PROBLEM TO WORK ON
Line by line, give the data again exactly as it appears, but without pictures.

DATA BLOCK
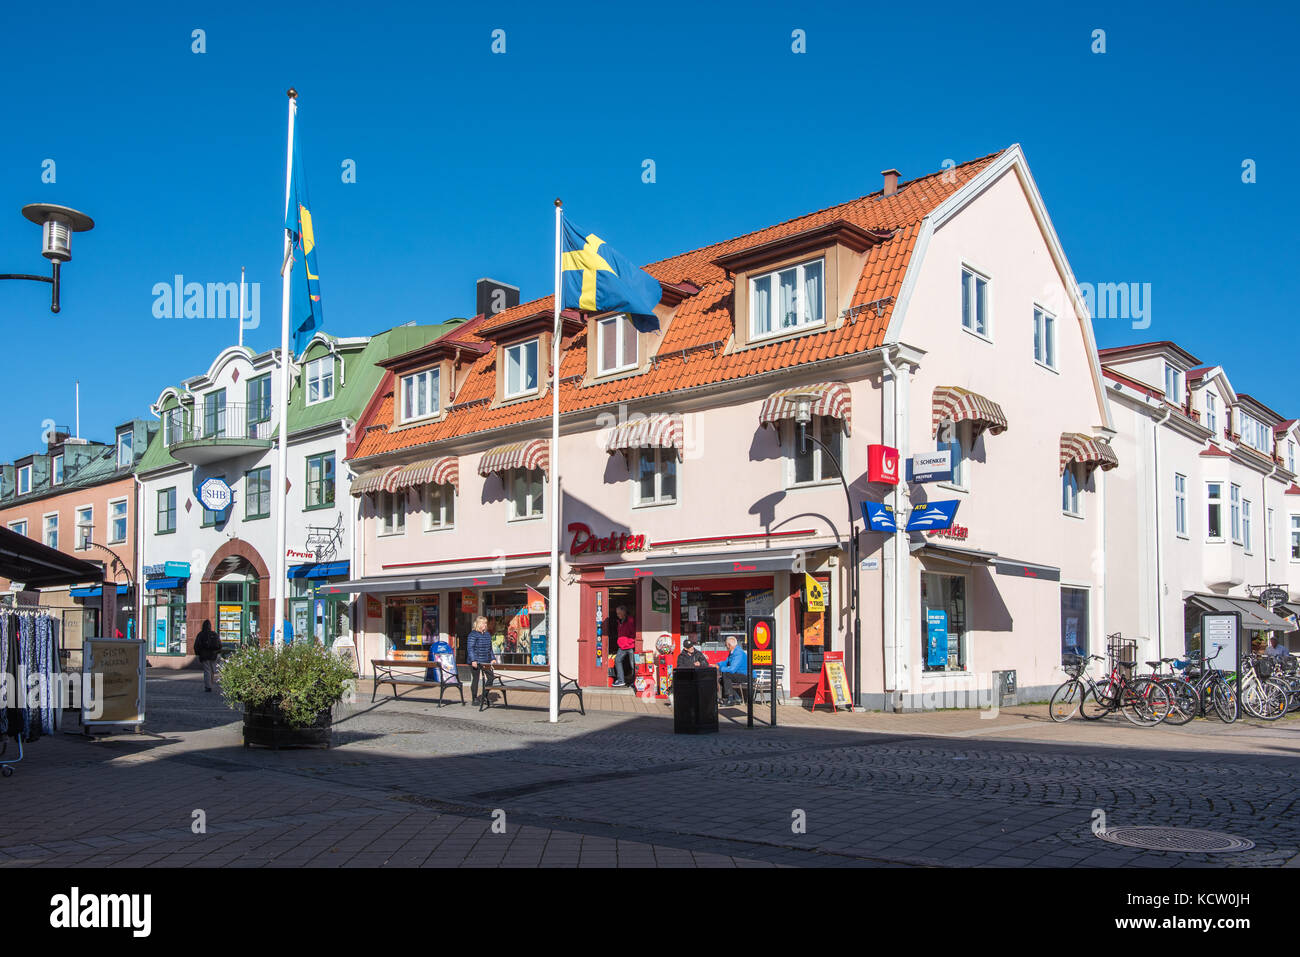 Die Hauptstraße in Borgholm auf der schwedischen Ostseeinsel Oland. Borgholm ist eine kleine Stadt mit 4500 Einwohnern und immer noch die größte Stadt in Oland Stockfoto
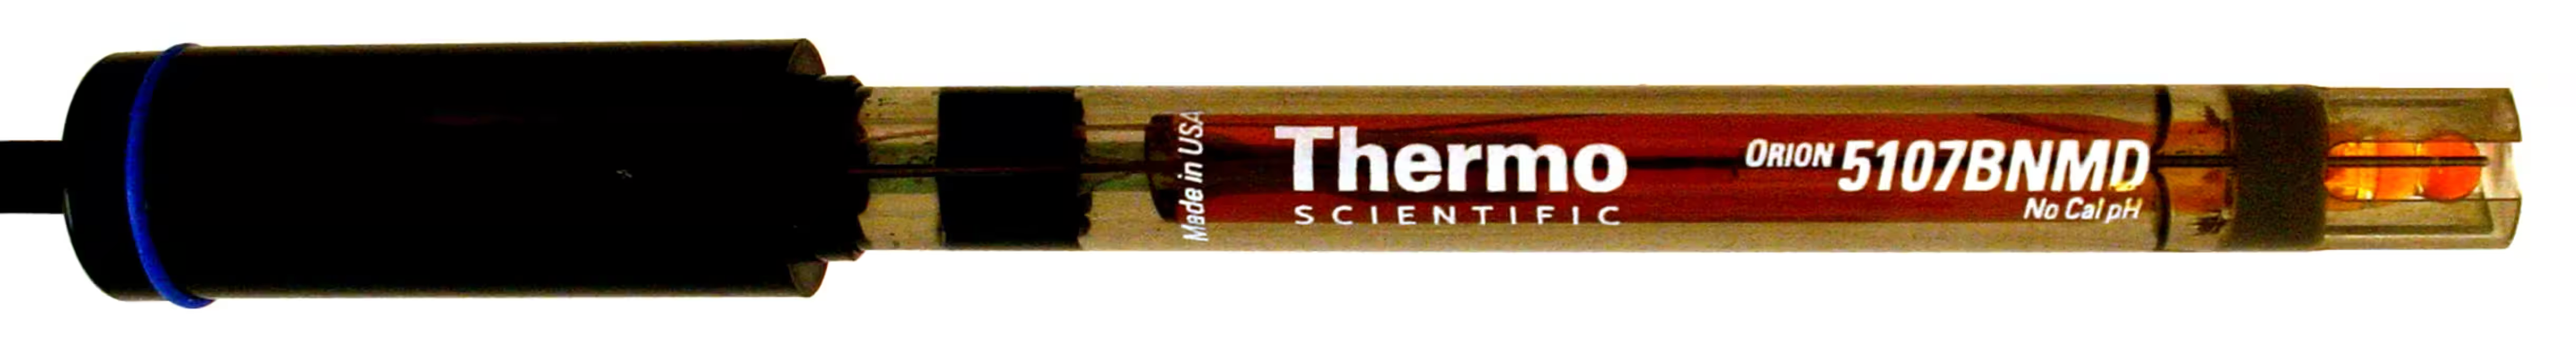 Thermo Scientific Orion 5107BNMD - No Cal® epoksydowa elektroda pH kombinowana z wbudowanym czujnikiem automatycznej komensacji temperatury (ATC)
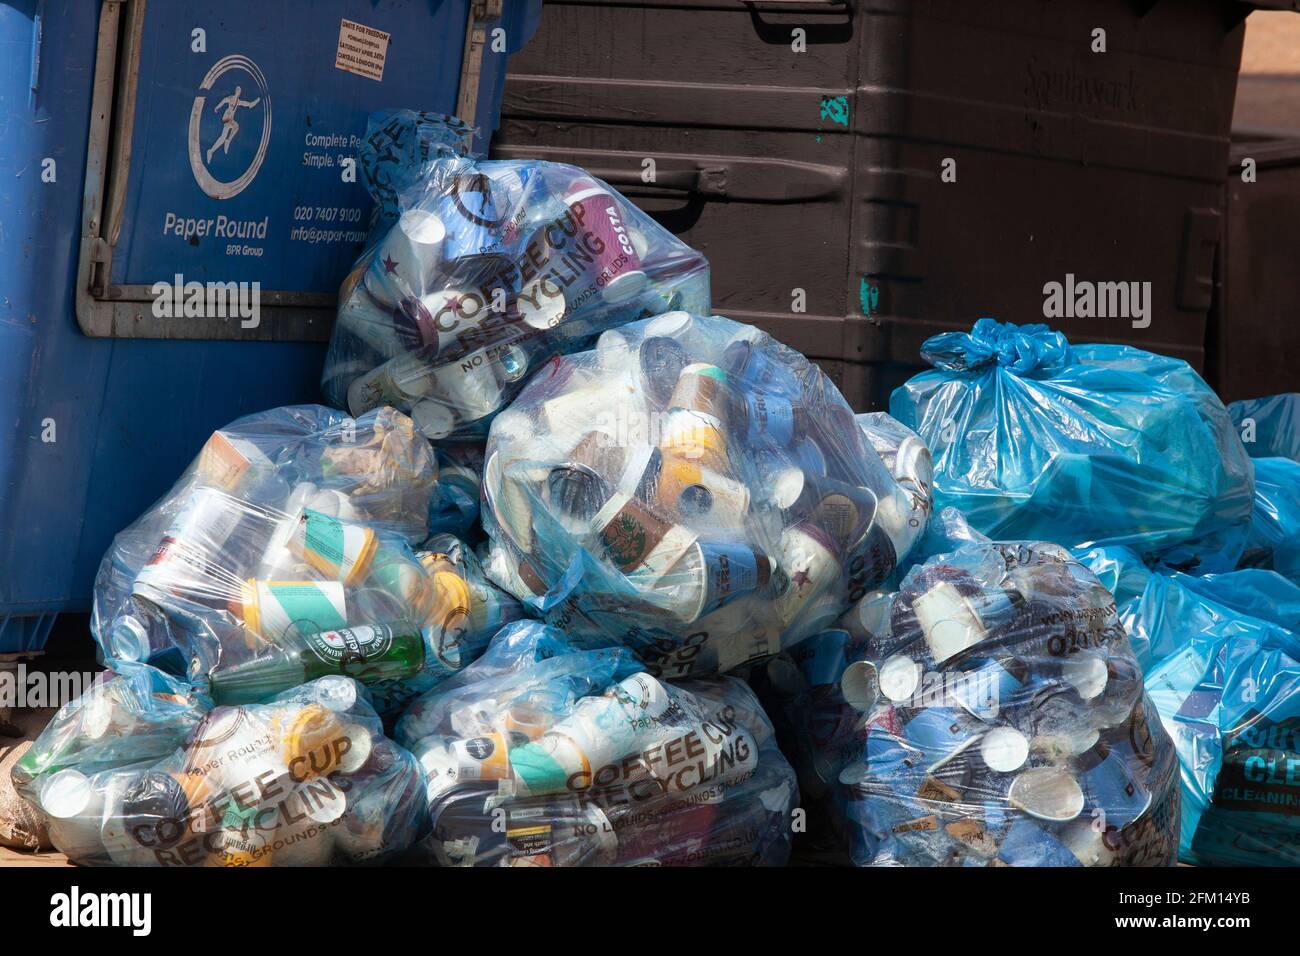 Londra, Regno Unito, 30 aprile 2021: Un cumulo di sacchetti di plastica blu contenenti tazze da caffè monouso attende di essere raccolto per il riciclaggio su Tooley Street, accanto Foto Stock

ANSWER BOX
 Die Hauptstraße in Borgholm auf der schwedischen Ostseeinsel Oland. Borgholm ist eine kleine Stadt mit 4500 Einwohnern und immer noch die größte Stadt in Oland Stockfoto
 Thermo Scientific Orion 5107BNMD - No Cal® epoksydowa elektroda pH kombinowana z wbudowanym czujnikiem automatycznej komensacji temperatury (ATC)
 Londra, Regno Unito, 30 aprile 2021: Un cumulo di sacchetti di plastica blu contenenti tazze da caffè monouso attende di essere raccolto per il riciclaggio su Tooley Street, accanto Foto Stock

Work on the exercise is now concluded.